À cause de la faim, un Algérien filme sa femme ayant des rapports sexuels avec des chiens et la vend sur des sites pornographiques
Au pays de Mickey, sous le règne d’Abdelmadjid Tebboune, la marionnette des généraux, pas un jour ne passe sans qu’une histoire amère de notre réalité quotidienne ne survienne… Et pour ne pas être comme le reste de ces médias d’égout qui n’ont d’autre occupation que d’encenser le Général Saïd Chengriha et la bande des quarante généraux qui ont semé la corruption sur Terre, dévoré tout ce qui se trouvait sur leur passage, et contraint le pauvre citoyen à vendre sa femme, sa fille et son fils pour un gagne-pain, même au prix de la réputation de sa famille et de la prolifération d’enfants de père et de filiation inconnus…
Une affaire pour le moins inhabituelle a récemment retenu l’attention à Annaba. Les services de sécurité d’El Bouni auraient interpellé un couple soupçonné d’être impliqué dans la production et la diffusion de vidéos à caractère pornographique sur Internet.
Selon les éléments rapportés dans le dossier, l’affaire aurait commencé après la découverte, sur les réseaux sociaux, de plusieurs vidéos mettant en scène la femme du couple dans des situations sexuelles. Les enquêteurs auraient également constaté la présence d’animaux domestiques dans certaines séquences.
Le mari est, lui aussi, soupçonné d’avoir participé à la réalisation et à la diffusion de ces contenus.

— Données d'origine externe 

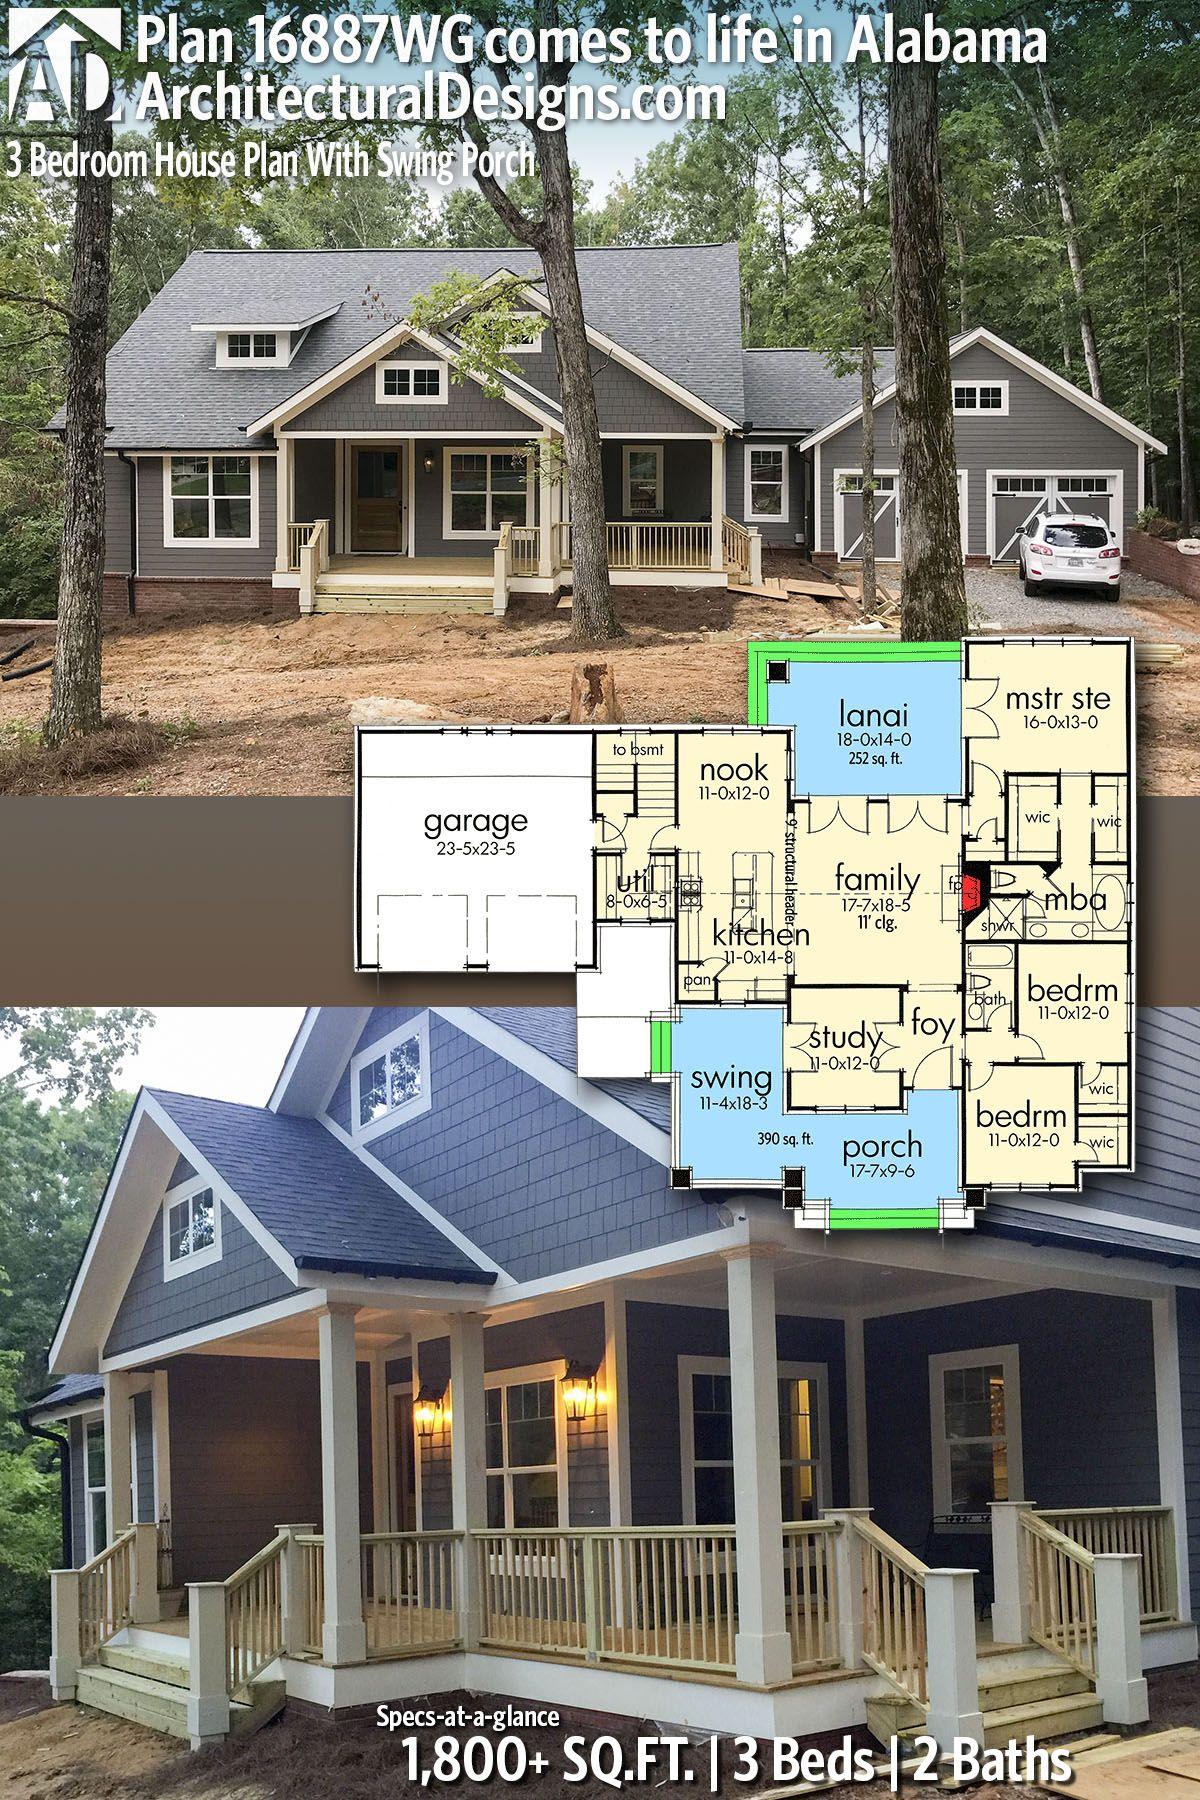 Architectural Designs Craftsman House Plan 16887WG under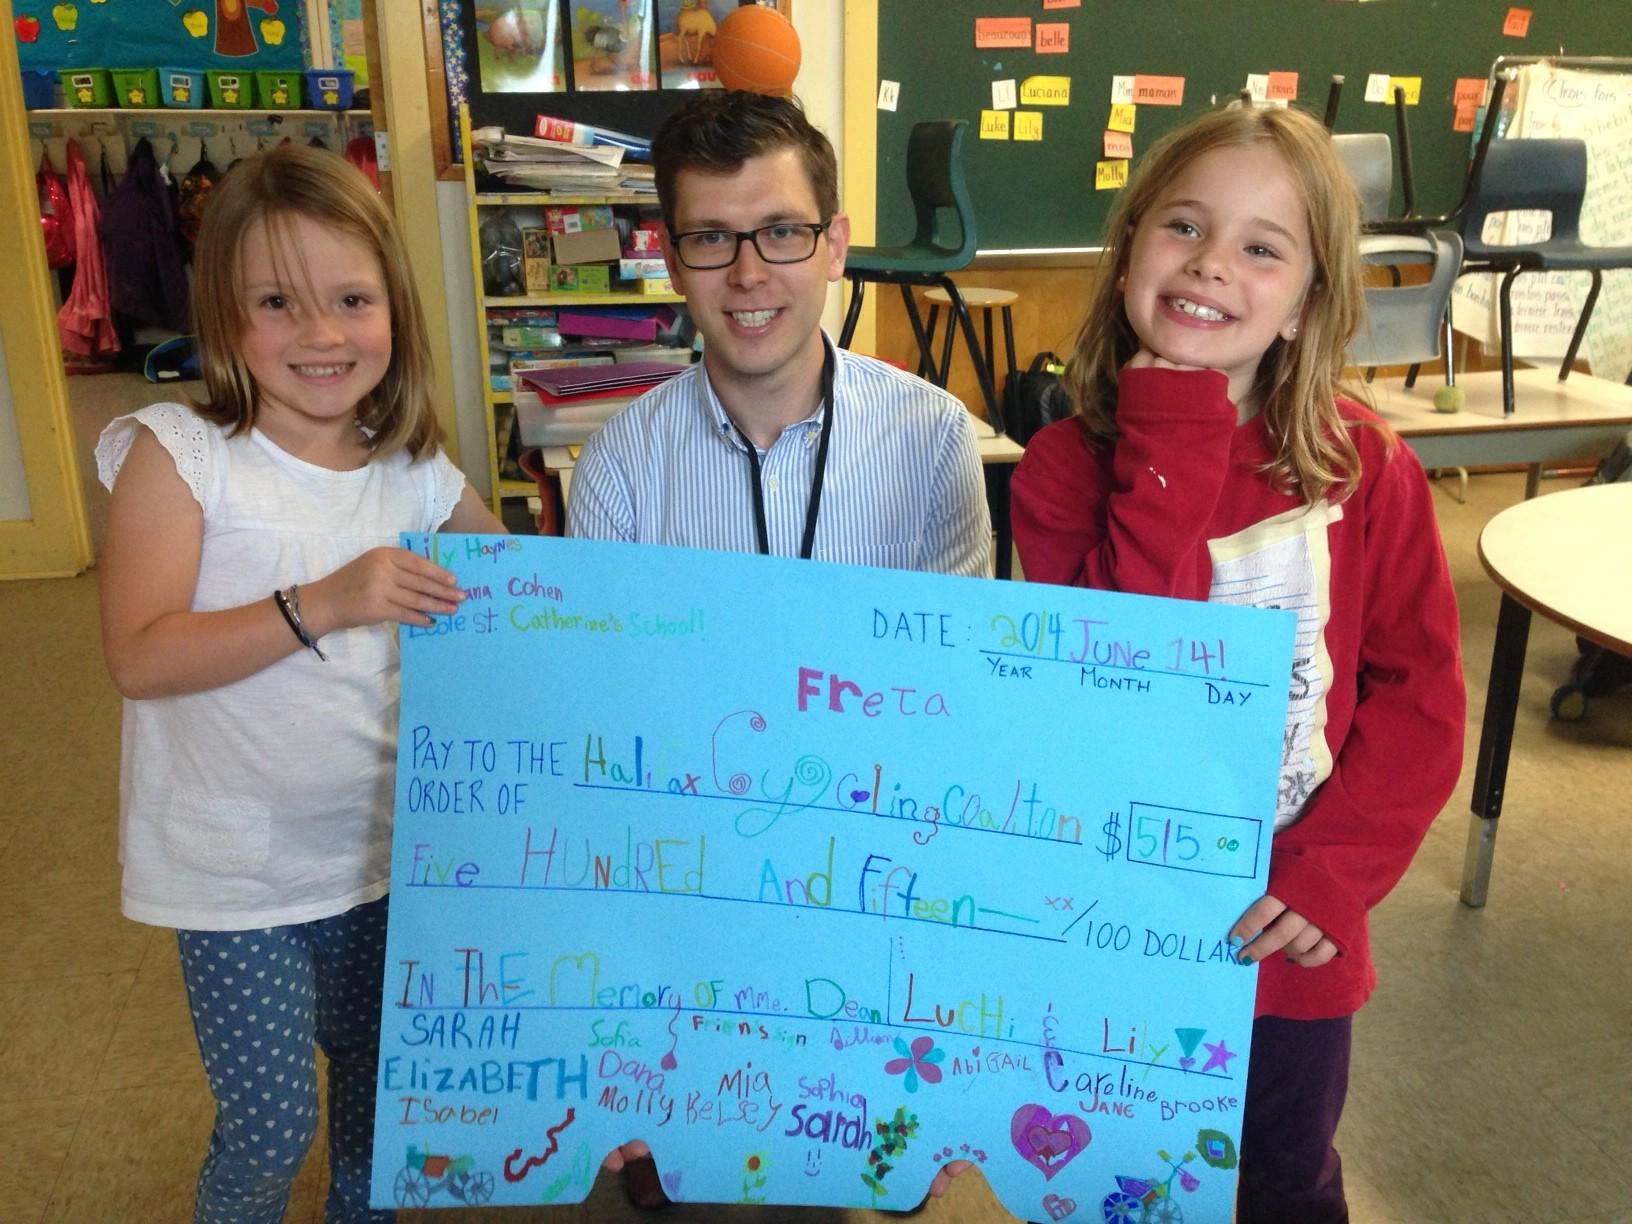 Luci & Lily raise money for Johanna Dean

D’après les informations rapportées, les vidéos auraient été publiées sur différentes plateformes afin d’en tirer des revenus.
L’affaire aurait été portée à l’attention des autorités à la suite du repérage de ces contenus en ligne. Une enquête aurait alors été ouverte pour déterminer l’identité des personnes impliquées et les circonstances dans lesquelles les vidéos étaient produites et diffusées.
À la suite des investigations, le couple aurait été présenté devant le procureur de la République près le tribunal d’El Hadjar afin que la justice puisse examiner les faits qui leur sont reprochés.
Au-delà du caractère particulièrement choquant de cette affaire, elle rappelle également les dérives auxquelles peuvent conduire la diffusion de contenus intimes sur Internet et la recherche de revenus à travers certaines plateformes numériques.
Il reste néanmoins essentiel de laisser la justice établir les faits. Les personnes concernées bénéficient de la présomption d’innocence tant qu’elles n’ont pas été définitivement condamnées.
Cette affaire, si les faits rapportés sont confirmés par la justice, soulève enfin des questions plus larges sur la protection des personnes, l’exploitation des contenus intimes et le rôle des plateformes numériques dans leur diffusion.